Si yo trabajara en cualquiera de las clínicas Pascual de Andalucía, o una de dos, o me pondría inmediatamente falda o denunciaría a la empresa por injurias. Cómo si no puede interpretarse el reciente auto de la Sala de lo Social del Tribunal Superior de Justicia de Andalucía (TSJA) que da la razón a los propietarios de dichos centros de salud, que exigen a las enfermeras vestir faldas, cofias y delantal ya que dicha indumentaria responde a "consideraciones organizativas con la finalidad de dar a la clientela una buena imagen de la empresa".

El caso se suscitó durante la pasada primavera en el hospital de San Rafael de Cádiz a raíz de que se le retirase el plus de productividad a unas sanitarias que decidieron vestir el pantalón y bata blancos, habitualmente unisex en los hospitales públicos. El problema de fondo no estriba en plantearse, ahora, si habría que reformar o no la Ley de Igualdad para evitar anacronismos de este porte. Sencillamente, si el Supremo al que pretende recurrir CCOO volviera a insistir en ese mismo veredicto sería cuestión de que corriésemos a pedir asilo político en Escocia, pero eso sí, con derecho a kilt.

Los argumentos del TSJA para refrendar las exigencias de la empresa de José Manuel Pascual en sus siete centros andaluces son más bien risibles a los ojos contemporáneos: que en los convenios colectivos de los siete hospitales se recoge el uso de faldas para el personal femenino desde hace quince años, por ejemplo, y que nadie lo ha denunciado. Como cunda el ejemplo, cualquier día de estos, algún empresario de hostelería exigirá a los camareros que vistan de submarinistas para atraer clientela.

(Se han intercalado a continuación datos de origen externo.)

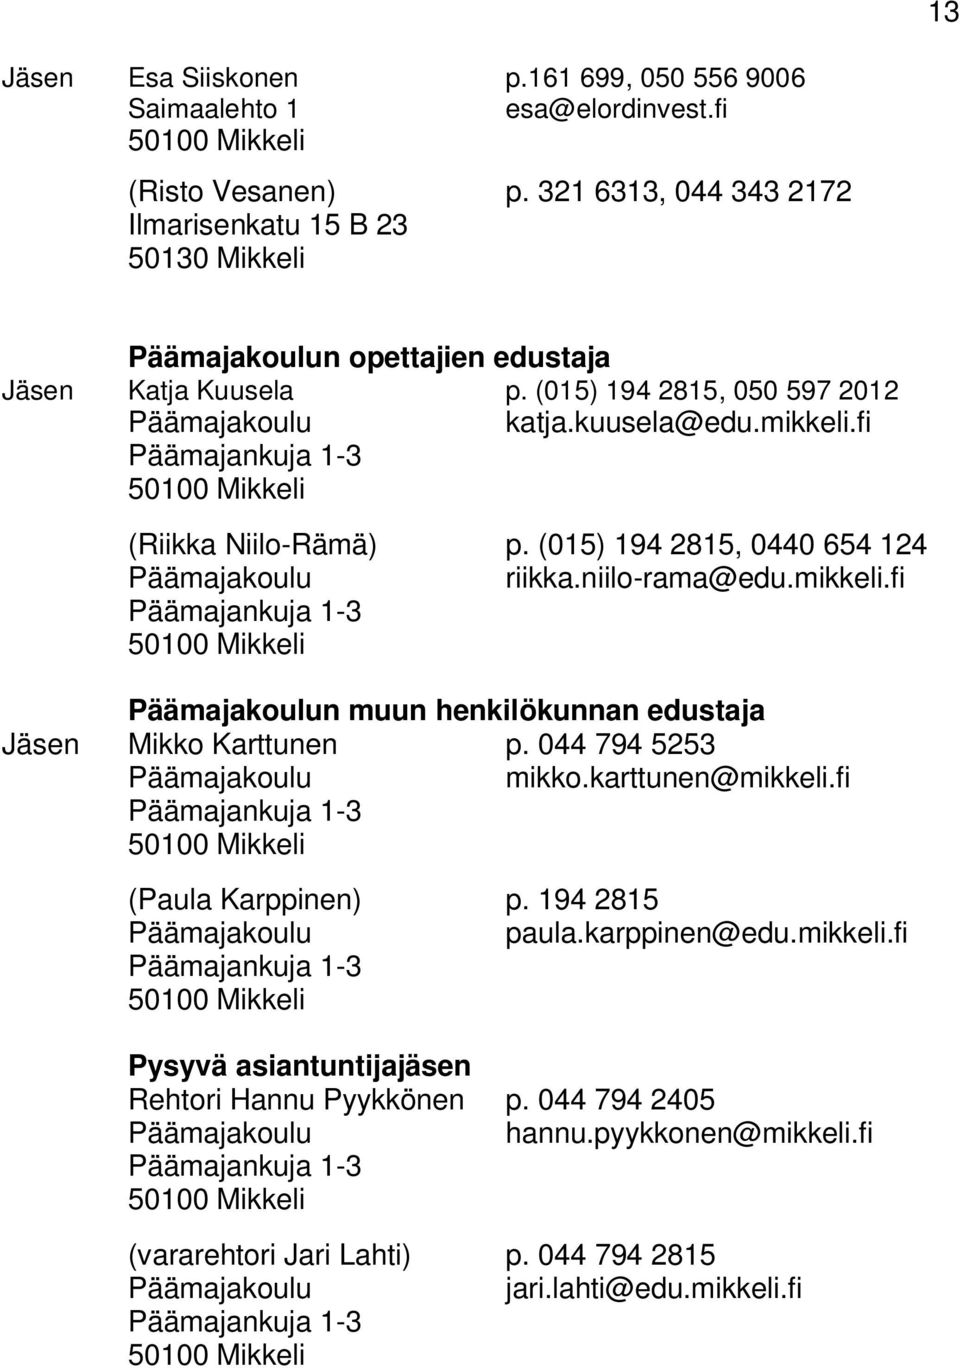 fi Päämajankuja 1-3 50100 Mikkeli (Riikka Niilo-Rämä) p. (015) 194 2815, 0440 654 124 Päämajakoulu riikka.niilo-rama@edu.mikkeli.

El auto precisa que según las pruebas testificales, el bies de la falda exigida queda por debajo de la rótula, por lo que no "alcanza su vida privada", ni viola por ello "los derechos al honor, la intimidad y a la propia imagen". Una mente mal pensada puede imaginar a quien haya redactado dicho argumentario evocando de soslayo las viejas pelis porno de enfermeras procaces embutidas en minifaldas de vértigo.

Todo esto resultaría de coña si no fuera demasiado serio. Más allá de las mofas carnavalescas que seguramente harán justicia poética con el empresario y con la justicia, cabría plantearse por qué la UGT se ha desmarcado de este asunto y por qué la Junta de Andalucía, plusmarquista en políticas de igualdad, mantiene sus conciertos sanitarios con una firma que impone en sus uniformes el pret-a-porter de la discriminación.